German Nominative Pronouns

Instructor: Penelope Heinigk

Penelope holds a doctorate degree in German and a professional teaching license in the state of Colorado. She has taught middle school through university, online and live.

In this lesson, we will learn about the nominative case in German, which represents the subject of the sentence, and the pronouns that go with this case.

German Cases

When we delve into the nitty-gritty of German grammar, we start to run across some constructions that are quite different from the English language. One of these differences is the concept of case. There are four cases in German: nominative, accusative, dative and genitive. While English does not have marked cases, you will still get the benefit of refreshing your English grammar as we compare the two languages.
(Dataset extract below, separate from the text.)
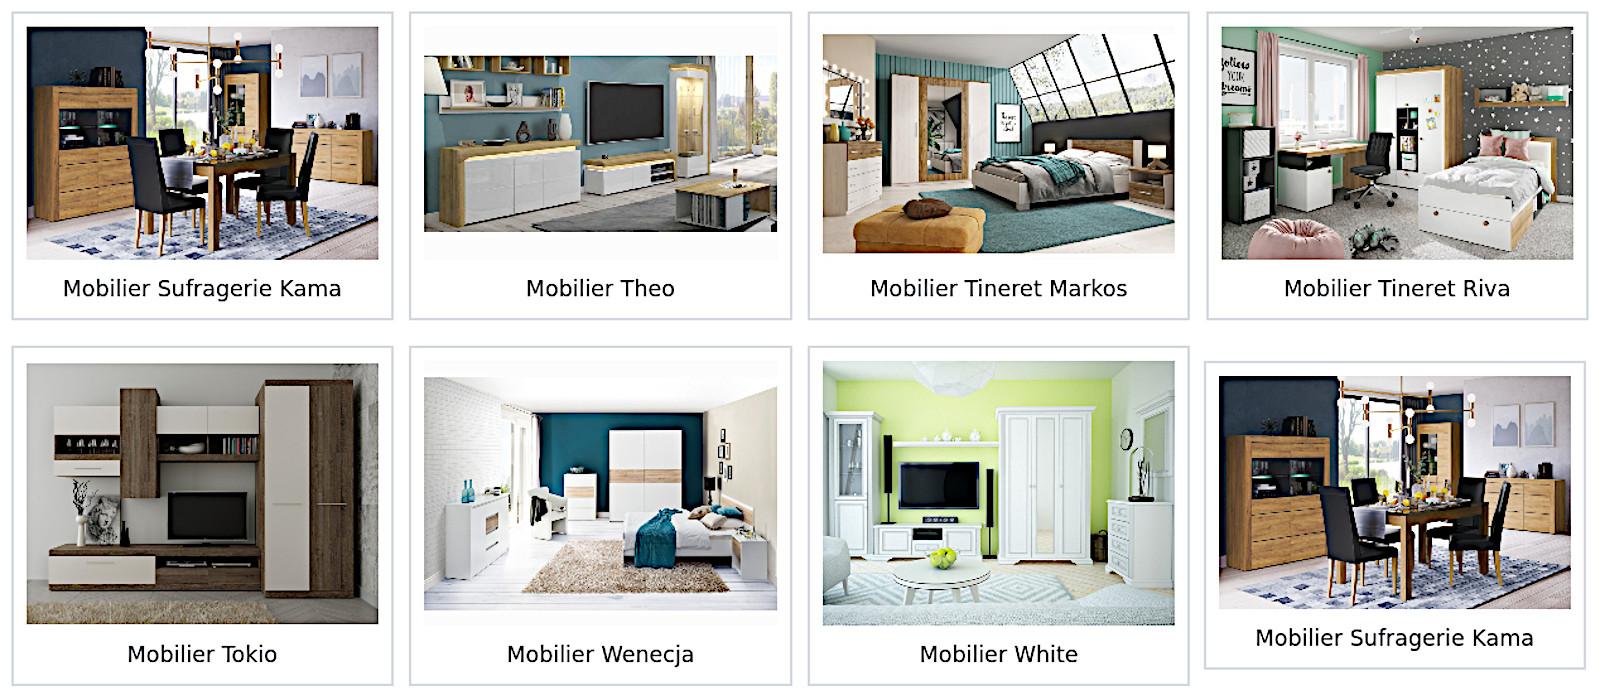 Colectii mobila Kama, Theo, Markos, Riva, Tokio, Wenecja, White de calitate

Cases represent the parts of speech within a sentence. They are an important part of German grammar as they are responsible for the endings of adjectives, indefinite articles and when to use which personal pronouns. Will people understand you if you use the wrong case? Possibly, but it could also lead to some pretty big misunderstandings, so it is best to try to get it straight.

Nominative Case

Let's start at the beginning with the nominative case. The nominative case is used with the subject of the sentence. The subject is the the person or thing performing the action of the verb (the doer of the sentence).

For example:

Frau Schmidt fliegt nach Rom.

Mrs. Schmidt is flying to Rome.

Frau Schmidt is the subject, the one flying to Rome, and is therefore in the nominative case.

Der Hund schläft auf dem Sofa.

The dog is sleeping on the sofa.

The dog is the subject, the one sleeping on the sofa, and is therefore in the nominative case.

Ich habe viele Hausaufgaben.

I have a lot of homework.

Ich is the subject, the one who has a lot of homework, and is therefore in the nominative case.

Personal Pronouns in the Nominative Case

Technically, you could always use the noun as the subject of the sentence, but this tends to get rather repetitive. In both English and German, we frequently replace our nouns with personal pronouns.

Instead of saying, for example: Mary went shopping and then Mary went to her friend's house.

We would say: Mary went shopping and then she went to her friend's house.

German does the same thing. Here are all of the personal pronouns in German in the nominative case:

Personal Pronoun Pronunciation Meaning
ich ish I
du doo you (familiar, singular)
er air he
sie zee she
es es it
wir veer we
ihr ear you (familiar, plural)
sie zee they
Sie zee you (formal)

There is just one little but important thing you need to know when using personal pronouns in German: The pronoun must agree in gender and number with the word that it replaces. Sounds simple enough, right? Where it seems a little odd is when you are replacing objects or animals instead of people. Let's look at some examples to clarify (the subject/nominative is denoted with bold).

This first one is straight-up simple, replacing a person:

Der Mann geht ins Kino. The man is going to the movies.

Er geht ins Kino. He is going to the movies.

Der Mann is replaced by the masculine pronoun er.

Here is another easy one:

Die Frau kauft Lebensmittel. The woman buys groceries.

Sie kauft Lebensmittel. She buys groceries.

Die Frau is replaced by the feminine pronoun sie.

Here is one in the plural:

Dieter und ich spielen Fussball. Dieter and I are playing soccer.

Wir spielen Fussball. We are playing soccer.

Dieter und ich are replaced by the plural we, wir.

But what if the subject is not a man or woman (he or she)? Take a look at this one:

Der Hund bellt zu viel. The dog barks too much.